Update or replace an existing model with a new model.

Offline training

‘The system is trained during the development process before the system is put into production. This is similar in nature to standard software development, where the system is built and tested fully before it is put into production.’ ISO/IEC 22989:2023.

Online training

‘Online learning / continuous learning – involve the incremental update of the model in the system as it operates during production. The data input to the system during operation is not only analysed to produce an output from the system, but also simultaneously used to adjust the model in the system, with the aim of improving the model on the basis of the production data. Depending on the design of the continuous learning AI system, there can be human actions required in the process, for example data labelling, validating the application of a specific incremental update or monitoring the AI system performance.’ ISO/IEC 22989:2023.

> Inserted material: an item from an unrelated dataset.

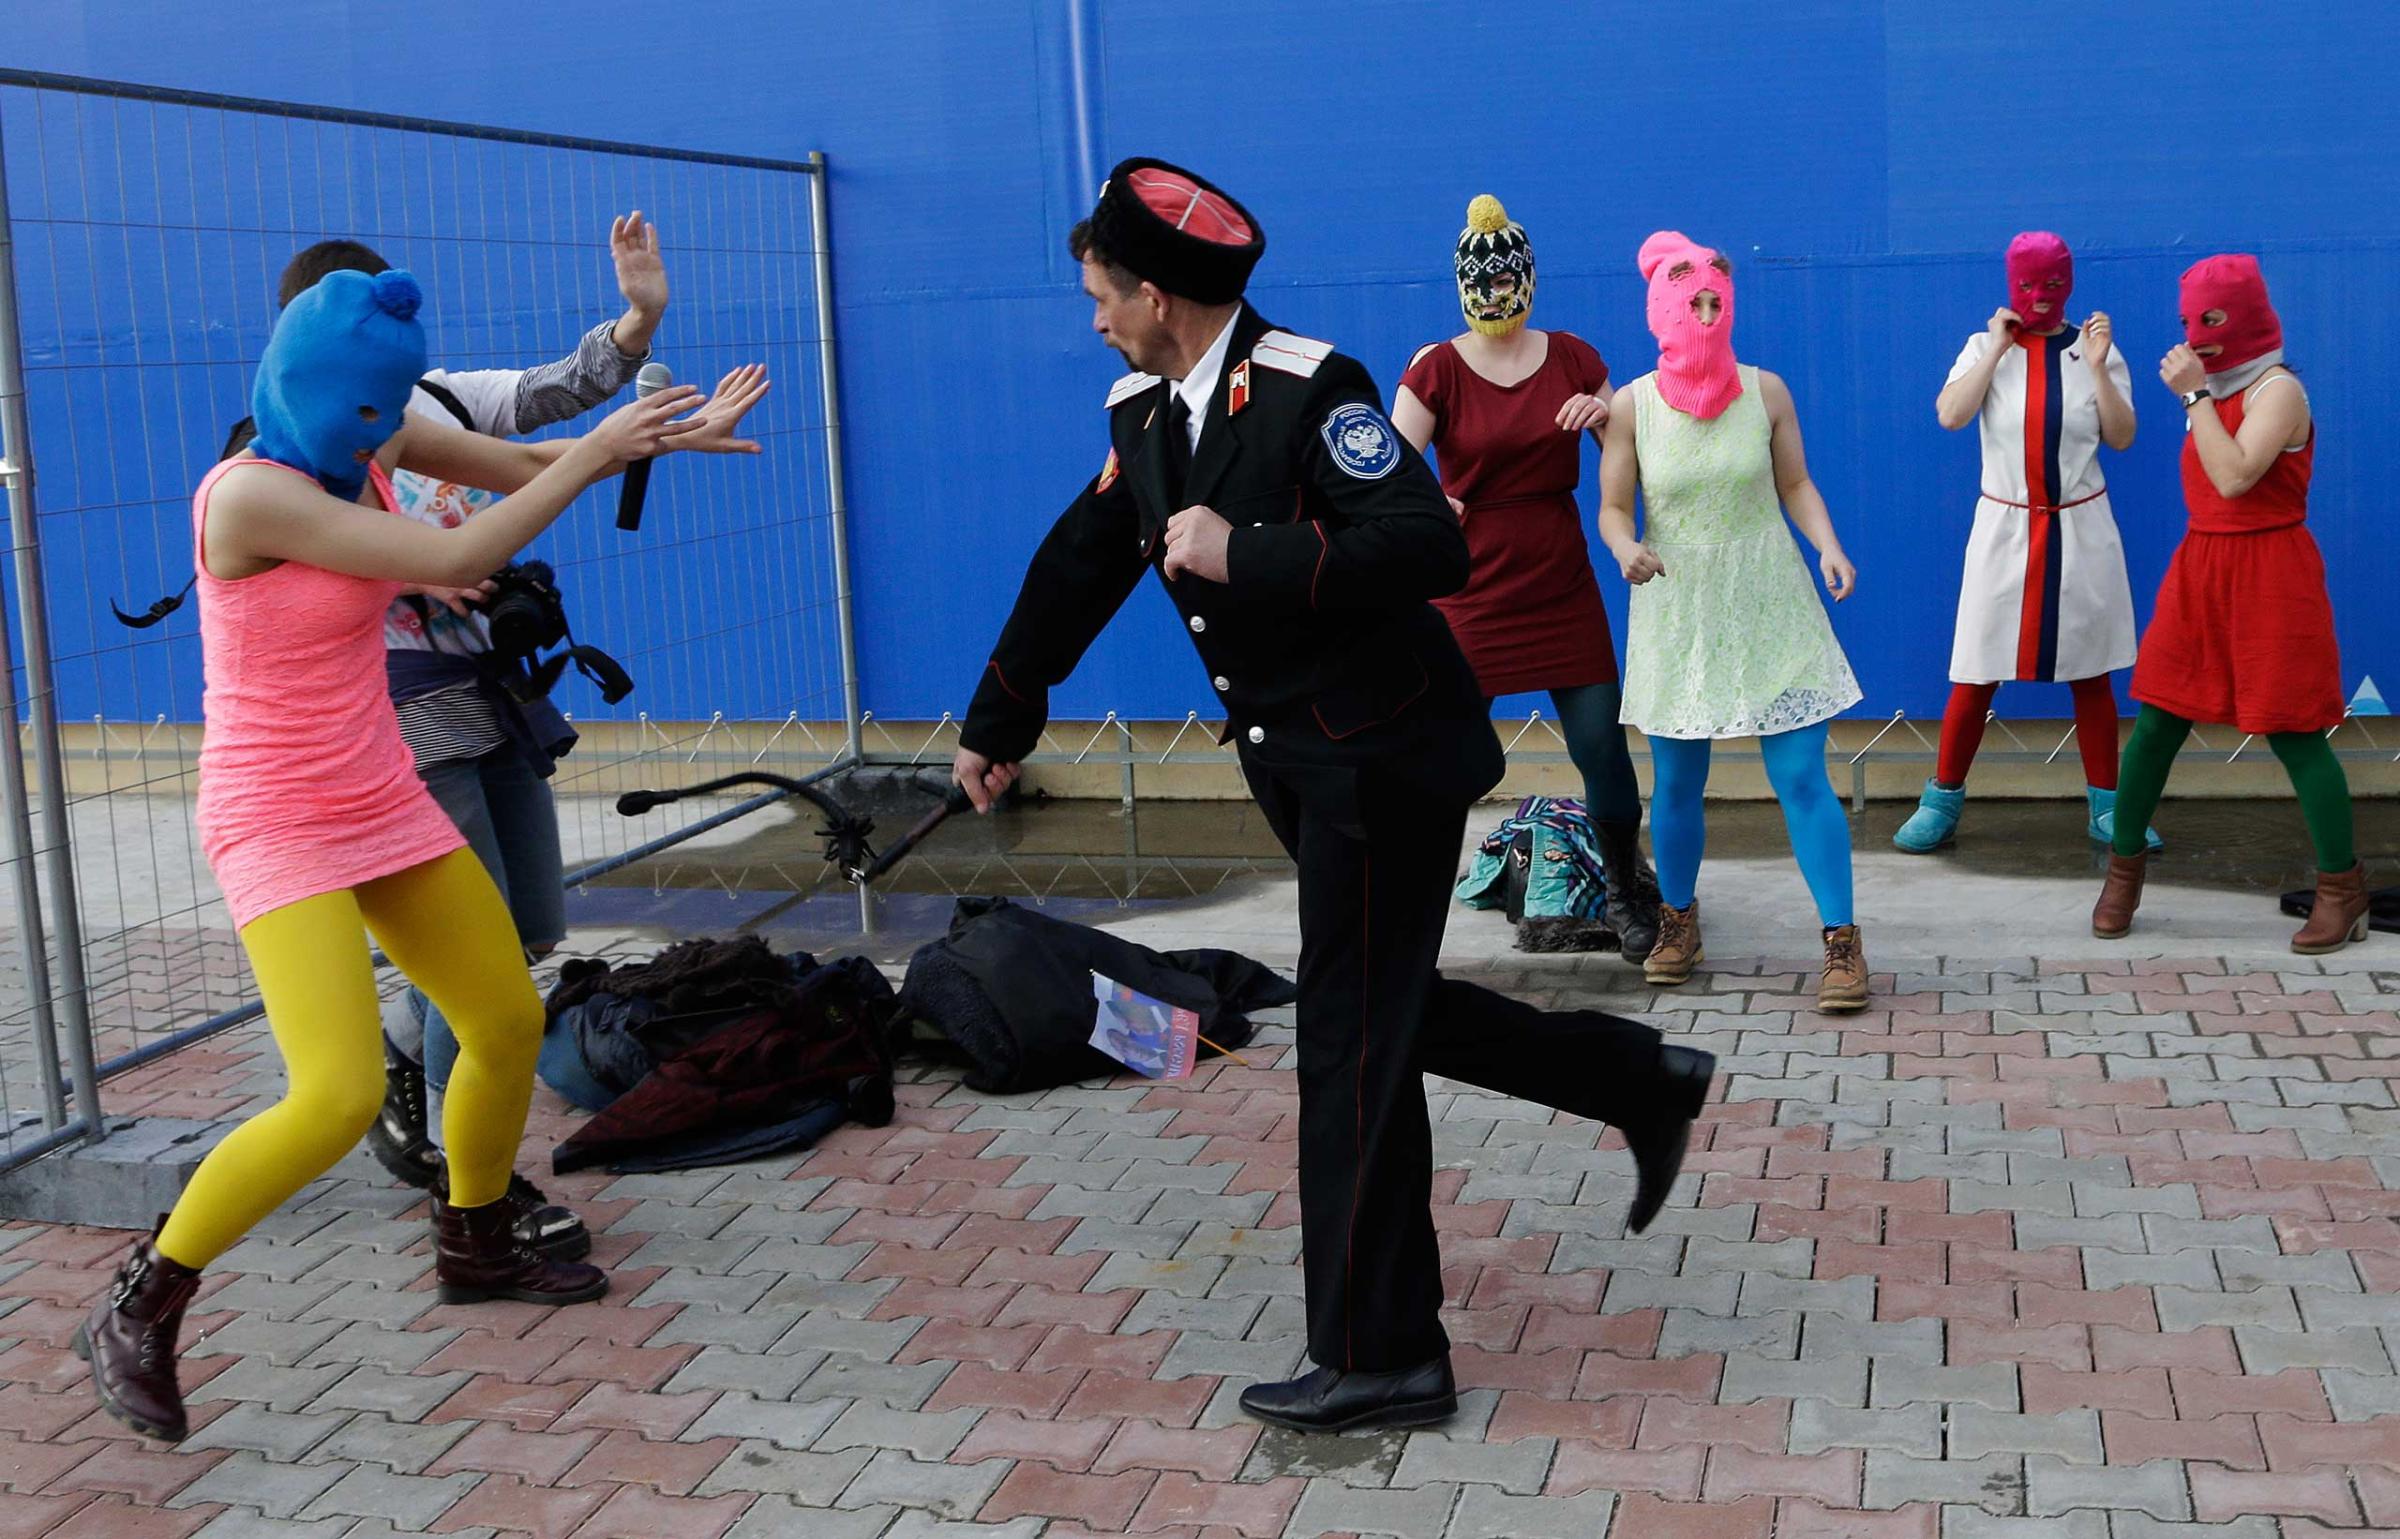 A Cossack militiaman attacks Nadezhda Tolokonnikova and a photographer as she and fellow members of the punk group Pussy Riot, including Maria Alekhina, center, in the pink balaclava, stage a protest performance in Sochi, Russia, Feb. 19, 2014.

Platform as a Service (PaaS)

‘The capability provided to the consumer is to deploy onto the cloud infrastructure consumer-created or acquired applications created using programming languages, libraries, services, and tools supported by the provider. The consumer does not manage or control the underlying cloud infrastructure including network, servers, operating systems, or storage, but has control over the deployed applications and possibly configuration settings for the application-hosting environment.’ NIST definition.

Poisoning

‘Adversarial attacks in which an adversary interferes with a model during its training stage, such as by inserting malicious training data (data poisoning) or modifying the training process itself (model poisoning).’ NIST - Adversarial Machine Learning: A Taxonomy and Terminology of Attacks and Mitigations.

Prompt engineering

‘Prompt engineering is the discipline of providing inputs, in the form of text or images, to generative AI models to specify and confine the set of responses the model can produce. The inputs prompt a set that produces a desired outcome without updating the actual weights of the model (as done with fine-tuning).’ Gartner.

Pre-trained model

‘a component of the training stage in which a model learns general patterns, features, and relationships from vast amounts of unlabeled data, such as through self-supervised learning. Pre-training can equip models with knowledge of general features or patterns which may be useful in downstream tasks, and can be followed with additional training or fine-tuning that specializes the model for a specific downstream task.’ Source pre‐training - Glossary | NIST CSRC.